# TASK DIRECTIONS
Set down the line that contains "Image of Braun" and every line after it to the end of the entries, exactly as they stand and nothing more.

# PROVIDED INFORMATION
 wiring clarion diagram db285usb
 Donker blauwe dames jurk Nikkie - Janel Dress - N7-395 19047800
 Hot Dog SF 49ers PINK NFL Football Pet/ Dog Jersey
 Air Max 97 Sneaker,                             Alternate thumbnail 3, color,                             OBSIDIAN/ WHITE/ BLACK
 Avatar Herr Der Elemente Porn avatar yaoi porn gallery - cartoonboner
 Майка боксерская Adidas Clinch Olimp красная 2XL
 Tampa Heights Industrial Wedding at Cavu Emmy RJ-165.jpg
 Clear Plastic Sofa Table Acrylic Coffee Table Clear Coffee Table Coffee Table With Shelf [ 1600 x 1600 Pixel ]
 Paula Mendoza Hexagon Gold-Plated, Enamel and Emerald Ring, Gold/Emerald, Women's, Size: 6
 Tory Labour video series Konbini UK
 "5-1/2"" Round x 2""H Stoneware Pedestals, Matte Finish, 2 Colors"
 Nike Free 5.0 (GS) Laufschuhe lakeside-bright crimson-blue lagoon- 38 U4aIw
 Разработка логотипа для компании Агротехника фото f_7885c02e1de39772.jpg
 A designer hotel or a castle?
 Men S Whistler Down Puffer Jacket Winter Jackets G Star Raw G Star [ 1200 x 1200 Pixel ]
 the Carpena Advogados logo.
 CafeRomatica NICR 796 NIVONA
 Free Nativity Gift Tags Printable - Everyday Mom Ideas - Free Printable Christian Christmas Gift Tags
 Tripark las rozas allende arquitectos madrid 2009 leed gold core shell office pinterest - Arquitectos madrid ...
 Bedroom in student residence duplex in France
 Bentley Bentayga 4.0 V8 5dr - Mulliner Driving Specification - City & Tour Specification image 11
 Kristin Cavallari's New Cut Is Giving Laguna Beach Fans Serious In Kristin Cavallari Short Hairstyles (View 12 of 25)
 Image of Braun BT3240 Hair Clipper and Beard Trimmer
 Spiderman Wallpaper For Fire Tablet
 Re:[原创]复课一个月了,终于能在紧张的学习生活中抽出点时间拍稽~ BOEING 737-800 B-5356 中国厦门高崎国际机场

# TASK ANSWER
 Image of Braun BT3240 Hair Clipper and Beard Trimmer
 Spiderman Wallpaper For Fire Tablet
 Re:[原创]复课一个月了,终于能在紧张的学习生活中抽出点时间拍稽~ BOEING 737-800 B-5356 中国厦门高崎国际机场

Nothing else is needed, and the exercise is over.